Radius of circle with complex equation

The expression $\frac{z-i}{z-1}$ represents the following operation in complex space:

Consider two vectors $z-i$ and $z-1$ . Suppose the magnitudes are the same. Then, the operation of division is subtracting their angles. If the angles are 90 degrees apart then the result is purely complex.

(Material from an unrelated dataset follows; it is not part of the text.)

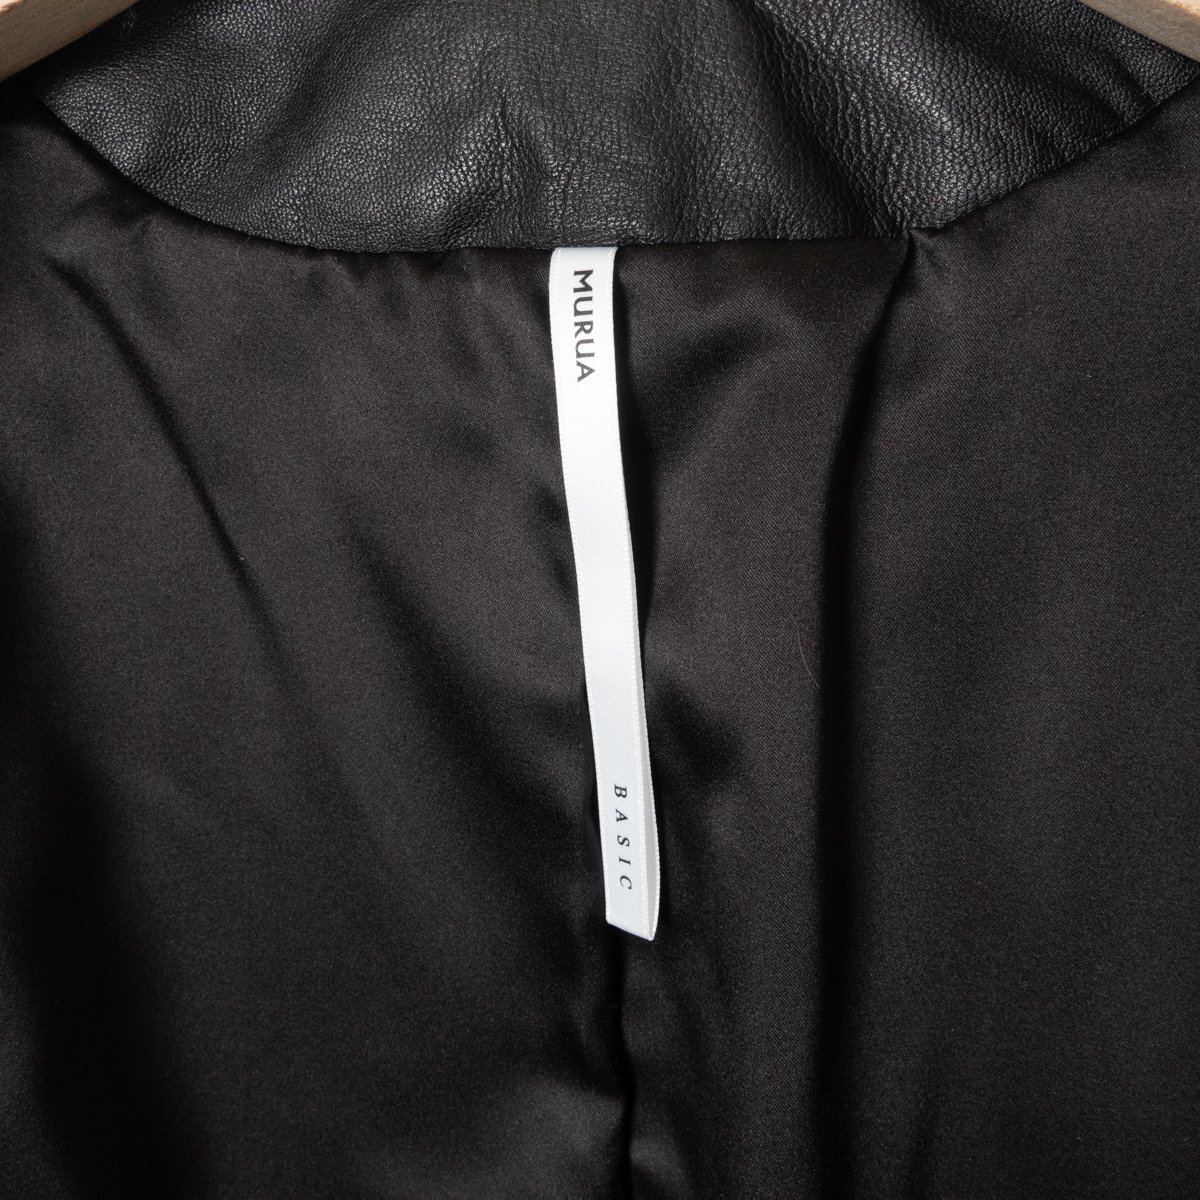 ムルーア MURUA ノーカラー カラーレス ラム レザー 本革 ジャケット ショート丈 1 レディース 婦人 女性 ブラック 黒 モード 肩パッド_画像6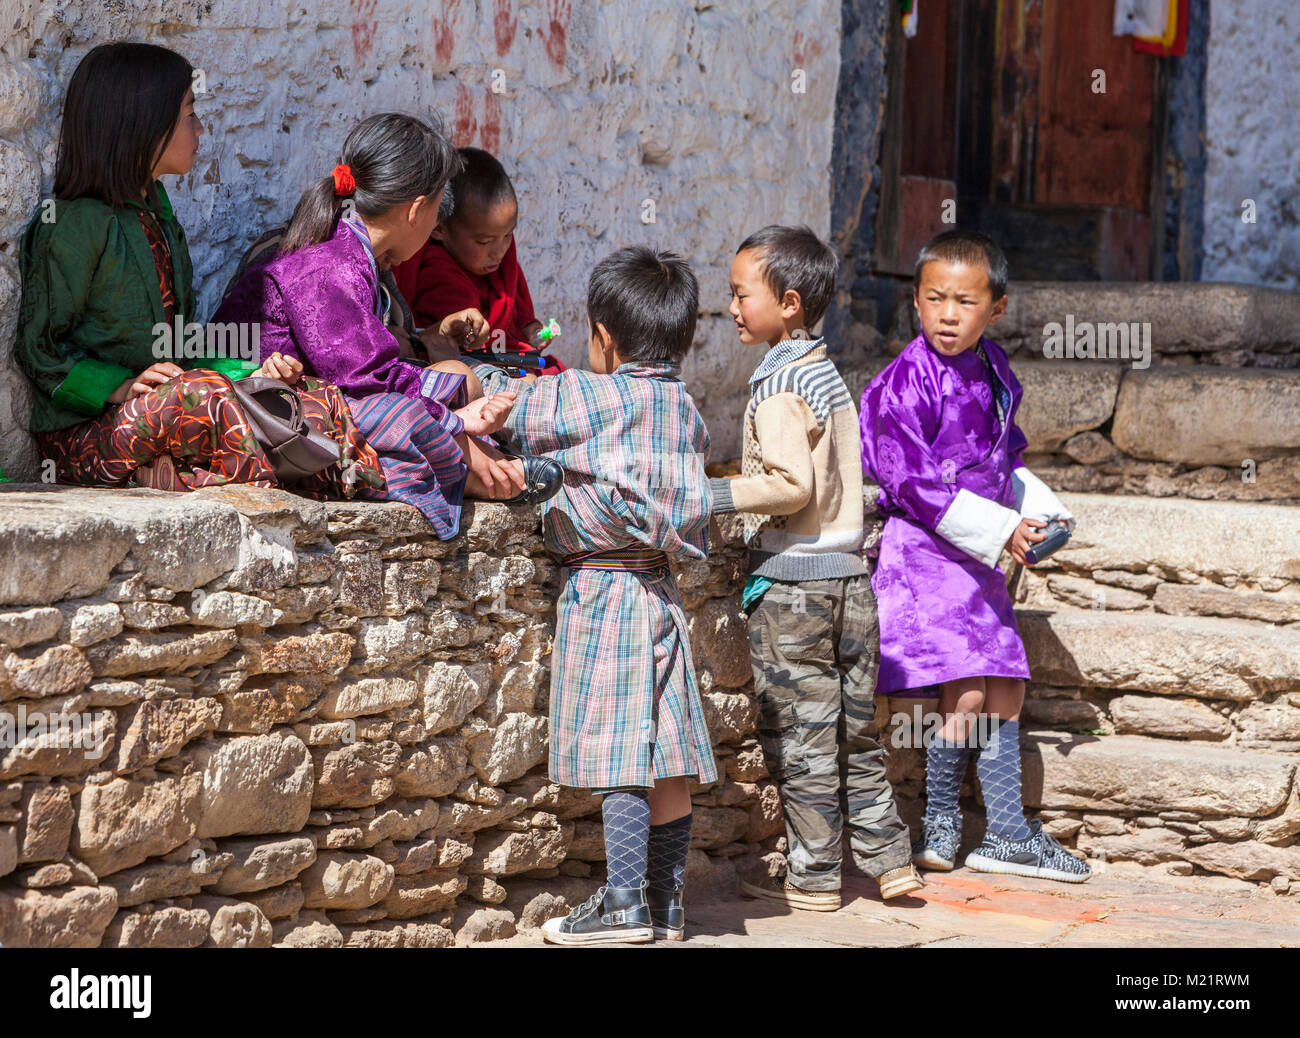 Prakhar Lhakhang, Bumthang, Bhoutan. Les jeunes enfants, l'un dans les vêtements de style occidental. Banque D'Images

One place where this occurs is at the origin.

Since the circle is centered at $(0.5, 0.5i)$ we simply need to find the distance between the origin and that point.

Letting $z=x+iy$ , we can develop easily $\mathrm{Re}\left(\frac{z-i}{z-1}\right)=\frac{x^2+y^2-x-y}{(x-1)^2+y^2}$ Thus such points $z$ satisfy the equation $x^2+y^2-x-y=0$ , and this is the equation of a circle of radius $\frac{\sqrt{2}}{2}$ , centered at the point $(\frac{1}{2},\frac{1}{2})$ , so we obtain that the solution is $\frac{\sqrt{2}}{2}\approx 0.707$ .

In fact, the hypothesis that the center is $\frac{1}{2}(1+i)$ is not necessary.

If radius of the circle is r

| z - 1/2(1+i) | = r

As ( z - i) / ( z - 1) is purely imaginary ,

( z - i) / ( z - 1) = a i

Let's take z = x + y i , x and y are non zero

( z - i) / ( z - 1) = a i

[ x + ( y - 1) i ] / [ ( x - 1 ) + y i ] = a i

[ x ( x - 1 ) + y ( y - 1 ) ] / [ ( x -1 ) ^ 2 + y ^ 2 ] = 0 as ( z - i) / ( z - 1) is purely imaginary

x ( x - 1 ) + y ( y - 1 ) = 0

As x and y are non zero

x = 1 and y = 1

z = 1 + i

| z - 1/2(1+i) | = r

| ( 1 + i) - 1/2 ( 1 + i ) | = r

1/2 | 1+ i | = r

r = 0 . 707

If above expression is purely imaginary, then , real part of z must be 1 ( see the denominator) and imaginary part must be i (see the numerator).

If any real number in denominator is left, then it will surely give a real part.

Similarly, if there is another imaginary part except i, then in numerator one real number is surely left, which will give a real part.